Recorded data
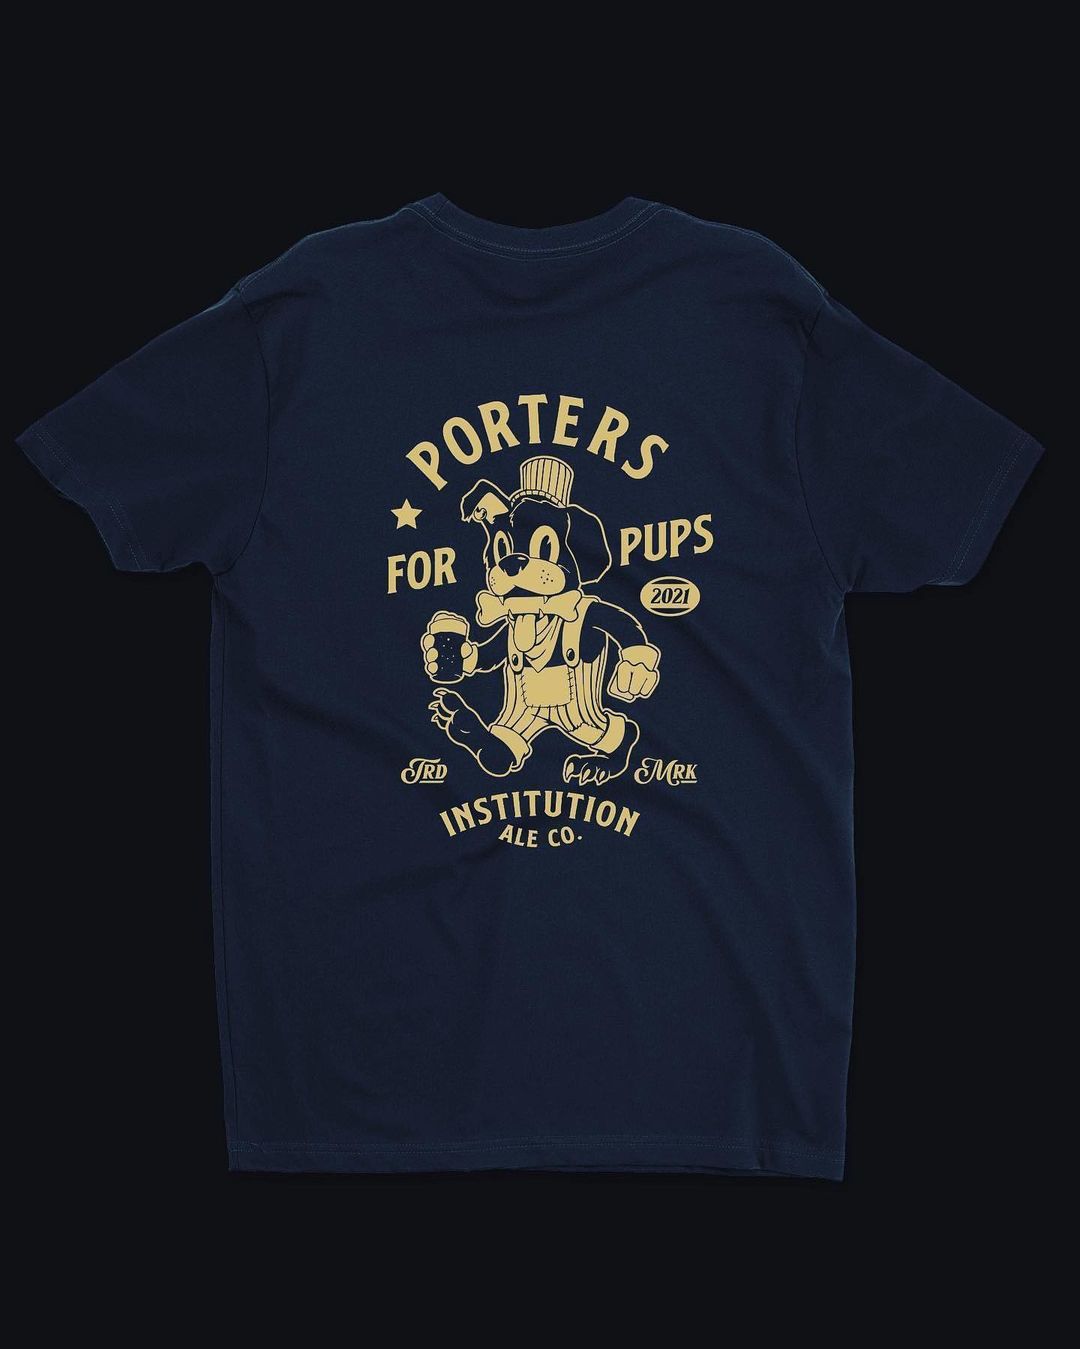 All November long, our friends over at @institutionales @institutionales_sb will be raising funds for our local animal shelters with their annual Porters For Pups🐶fundraiser!
​
​Participating is easy; purchase a Porters For Pups shirt, glass, or their Rye Porter, Ratched!
​
​They will be donating a portion of proceeds to our friends at  @vcanimalservices & Santa Barbara County Animal Services. Stop by either one of their locations in November to snag the limited edition merch. Thank you all for your support❣️. <a target='_blank' href='https://www.instagram.com/explore/tags/PortersForPups2021/'>#PortersForPups2021</a> <a target='_blank' href='https://www.instagram.com/explore/tags/VCAS/'>#VCAS</a> <a target='_blank' href='https://www.instagram.com/explore/tags/SBCAS/'>#SBCAS</a> <a target='_blank' href='https://www.instagram.com/explore/tags/partnerships/'>#partnerships</a> <a target='_blank' href='https://www.instagram.com/explore/tags/institutionalecompany/'>#institutionalecompany</a>
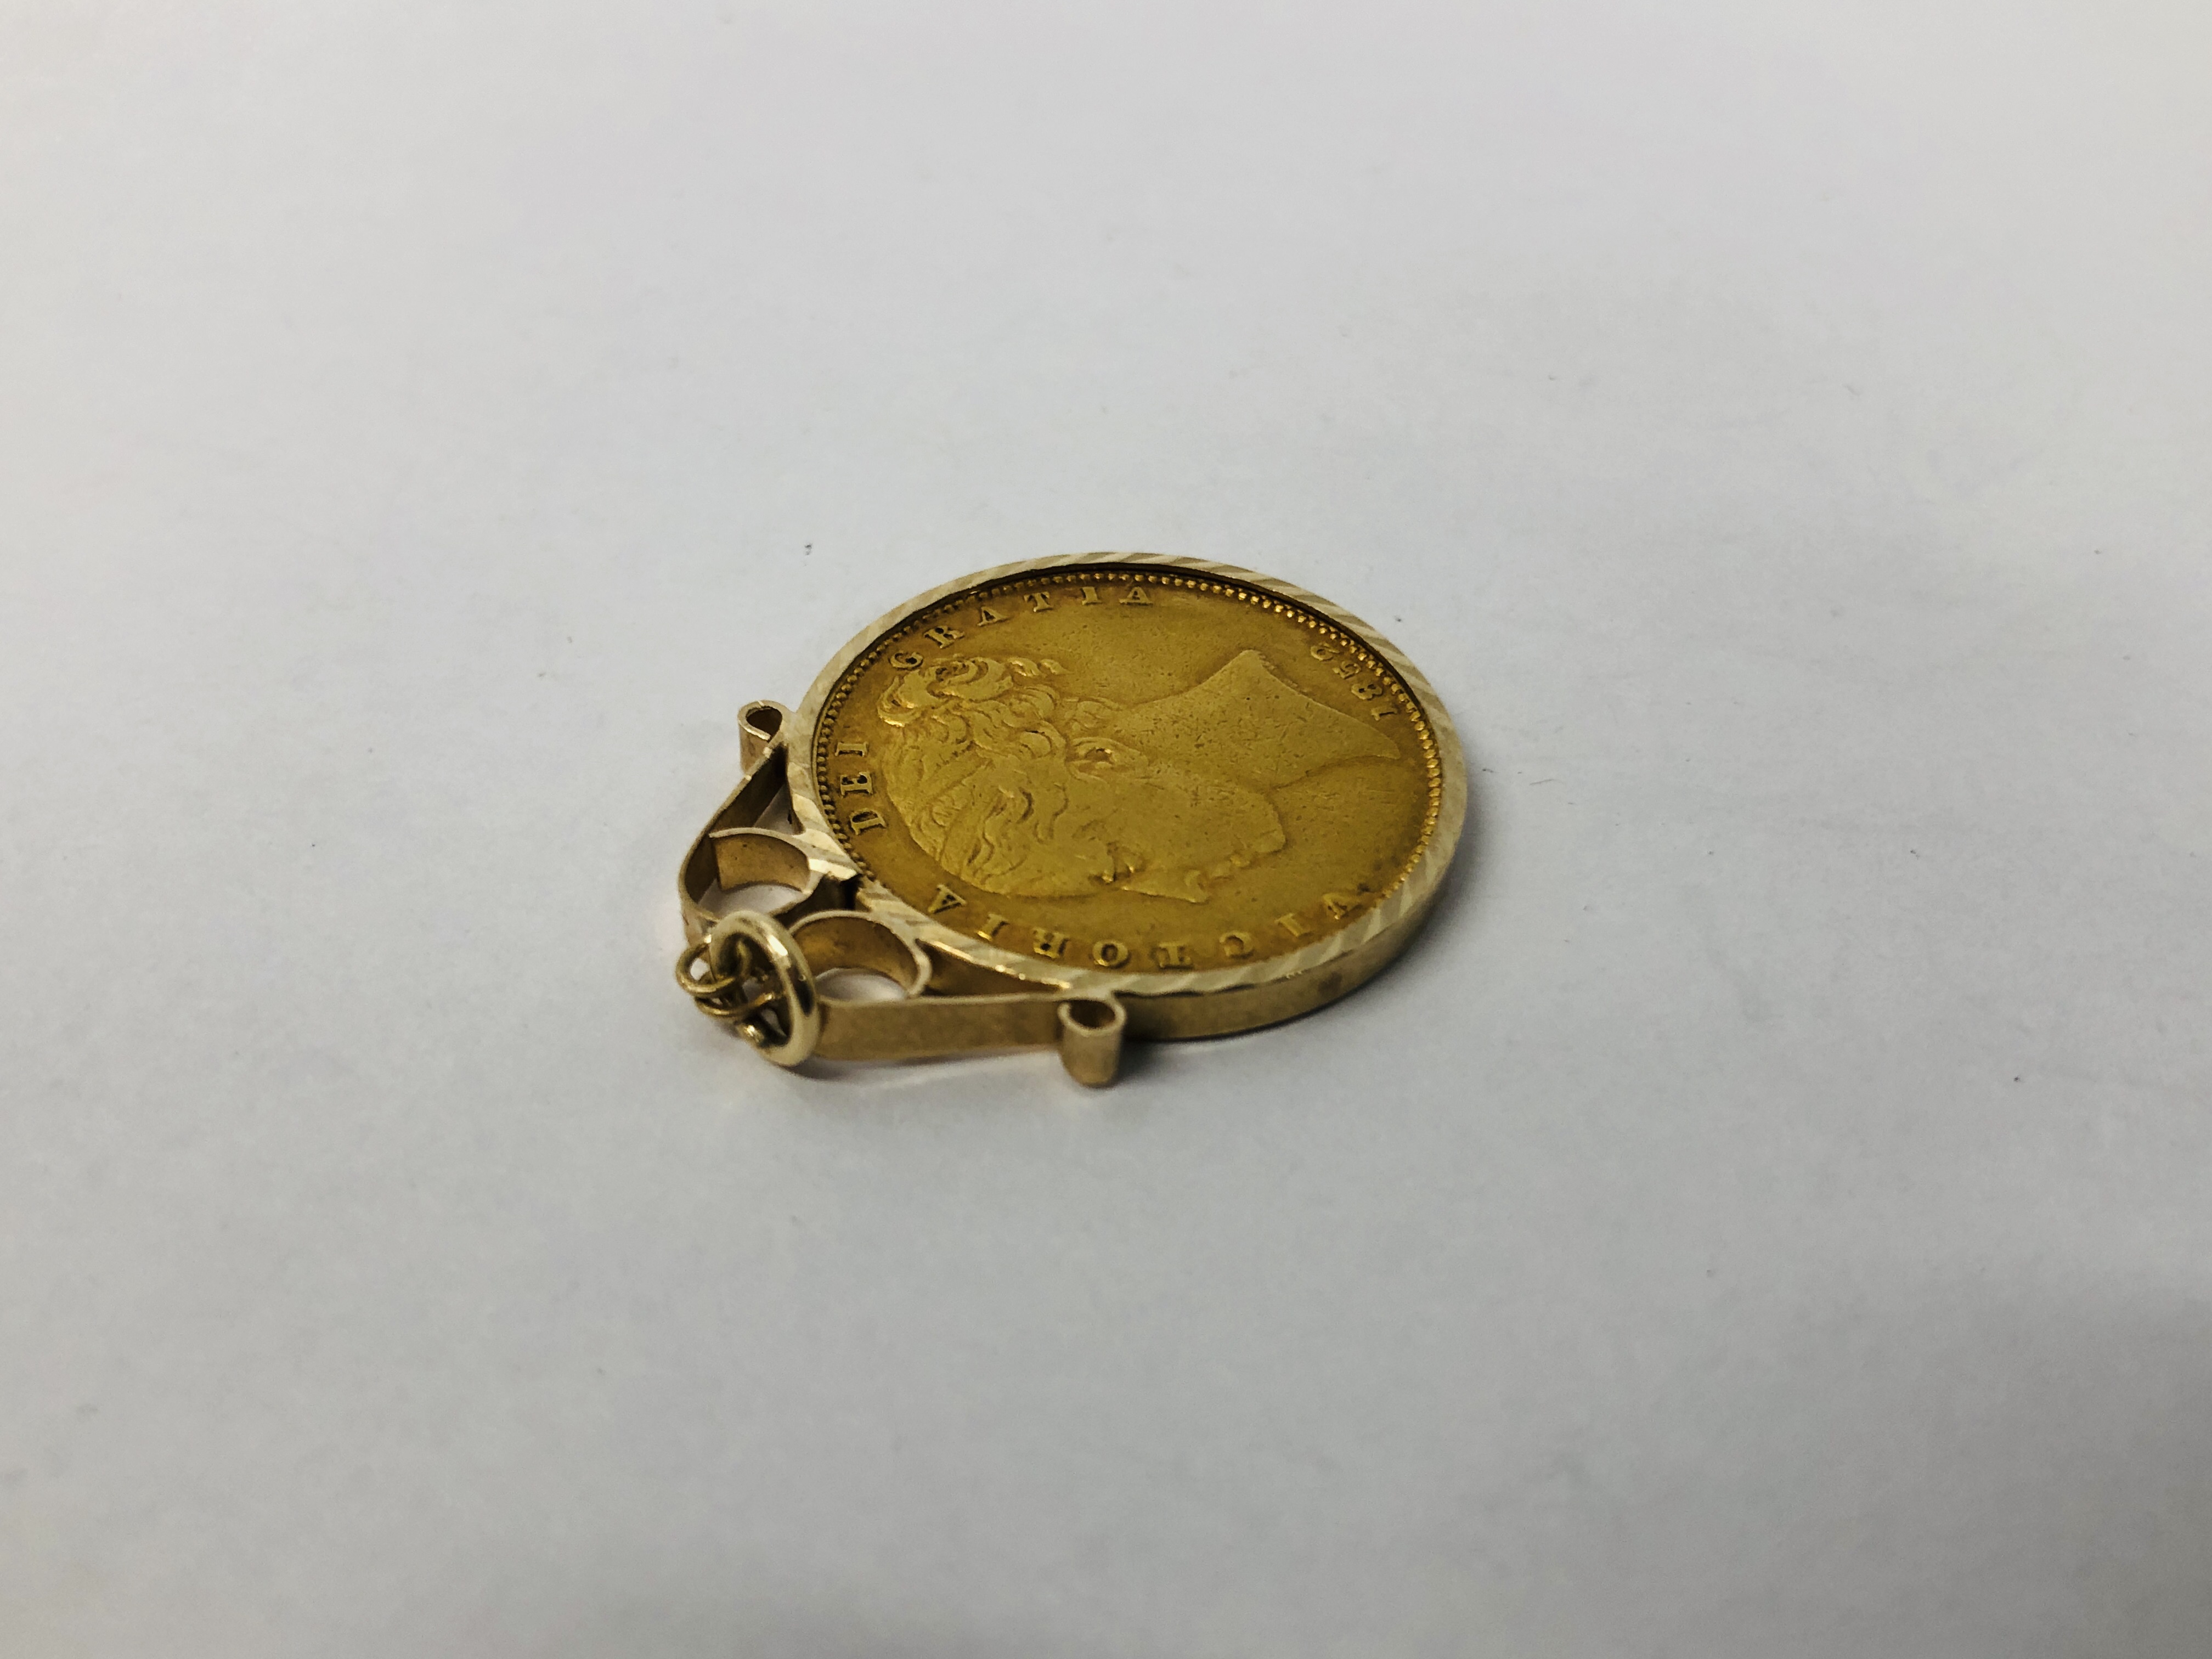 1852 GOLD SOVEREIGN - VICTORIA YOUNG HEAD SHIELD BACK LONDON IN 9CT GOLD PENDANT MOUNT. - Image 4 of 7

● **Problem description**: Leave out the images and copy all remaining data word for word.

● **Written response**:
 All November long, our friends over at @institutionales @institutionales_sb will be raising funds for our local animal shelters with their annual Porters For Pups🐶fundraiser!
​
​Participating is easy; purchase a Porters For Pups shirt, glass, or their Rye Porter, Ratched!
​
​They will be donating a portion of proceeds to our friends at  @vcanimalservices & Santa Barbara County Animal Services. Stop by either one of their locations in November to snag the limited edition merch. Thank you all for your support❣️. <a target='_blank' href='https://www.instagram.com/explore/tags/PortersForPups2021/'>#PortersForPups2021</a> <a target='_blank' href='https://www.instagram.com/explore/tags/VCAS/'>#VCAS</a> <a target='_blank' href='https://www.instagram.com/explore/tags/SBCAS/'>#SBCAS</a> <a target='_blank' href='https://www.instagram.com/explore/tags/partnerships/'>#partnerships</a> <a target='_blank' href='https://www.instagram.com/explore/tags/institutionalecompany/'>#institutionalecompany</a>
 1852 GOLD SOVEREIGN - VICTORIA YOUNG HEAD SHIELD BACK LONDON IN 9CT GOLD PENDANT MOUNT. - Image 4 of 7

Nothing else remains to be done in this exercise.